Triage nurse asked I’d been drinking.
“Tremendously. A great deal,” The Bakery Girl said.
“What’s your name?” The Nurse asked me.
“Ra.”
“Okay, Ray. Let’s check your vitals,” said The Nurse.
Plantman in Egypt to save Pharaoh’s ailing Date Palm. Papyrus. Literature is only corrupt as its paper. Important plant priest, celebrated immortal. Statue myths. Royal garden. Scissors bucket. Ancient days, too distant to count. Moses in baby booties.
“His temperature is one hundred and six,” said The Nurse.
“Holy shit,” said The Bakery Girl.
“We could fry eggs on his head,” said BEING.
“Has he been taking drugs?” asked The Nurse.
“I don’t think so,” said The Bakery Girl.
“Pink pills blue ones.”
“Those are the color of the pills, Ray?” asked the nurse. “Can you name them for me? Are they prescription pills, Ray? Did you get them from a doctor?”
“Infection. Disease. Mealy bug. Pharaoh’s Wandering Jew. Dead. Dead. Quarter million dollars in replacements.”
“Have you been mixing drugs and alcohol, Ray?” asked The Nurse.
“Frame me, Pilate. Joseph’s pink coat blue one. The Baker’s fat calf must die all these replacements. Reparations.”
“It’s the fever,” said The Nurse. “He’s hallucinating.”
Magnificent pyramid gradients TKI sun-blast desert hues. Sphinx body. The Heir’s dot head on behemoth stone shoulders.
Test-tubes to the brim with blood. Nurse’s aqua scrubs. Pharaoh’s Priests, Magicians, dressed like birds. . .

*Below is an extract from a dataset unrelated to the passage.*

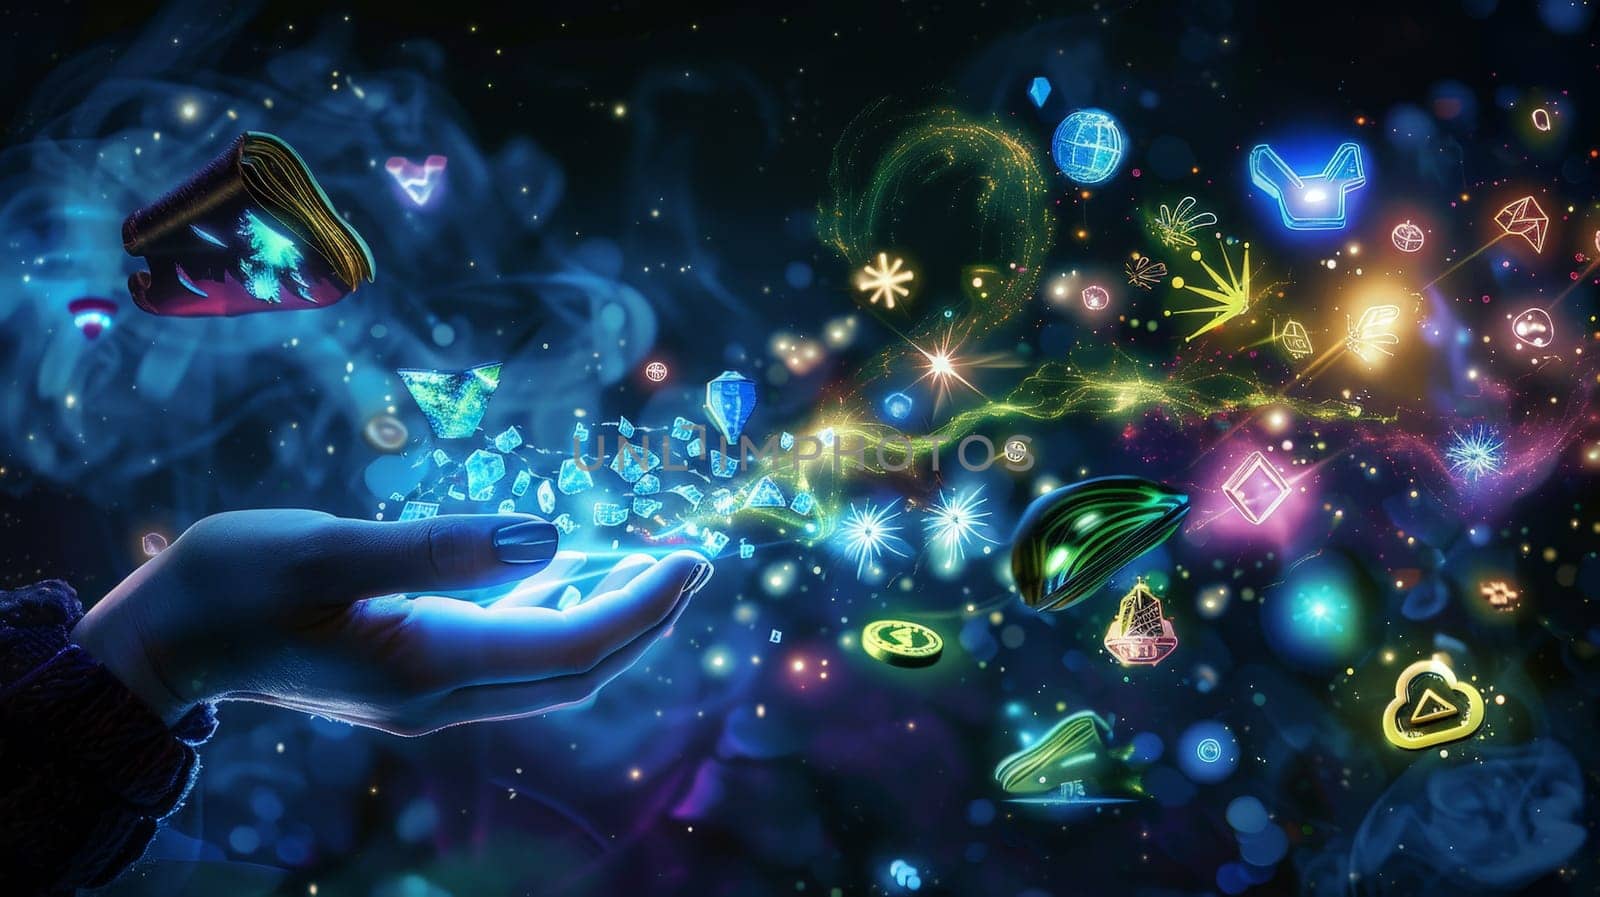 A hand is holding a glowing object that is surrounded by a colorful, swirling mass of symbols and shapes. Concept of wonder and mystery, as if the hand is holding a magical or otherworldly object

“How long have you been sick like this?” one asked.
“Like what?”
“Are you having trouble breathing?” one asked.
“I inhale,” I said. “I exhale.”
Tubes numbed my proboscis.
“Oxygen,” one medico said.
Attractive fortyish “Nurse Mimi.”
“I’m your nurse,” she said.
“I’m your patient,” I said.
“We’re off to a good start.”
“Where’s BEING?”
“Your friends are in the waiting area,” she said.
“I’ll join them,” began up.
Mimi pushed down. Powerful little hand.
“What do you do, Ray?”
“Chief gardener to Pharaoh,” I said, not serious. Fever subsiding?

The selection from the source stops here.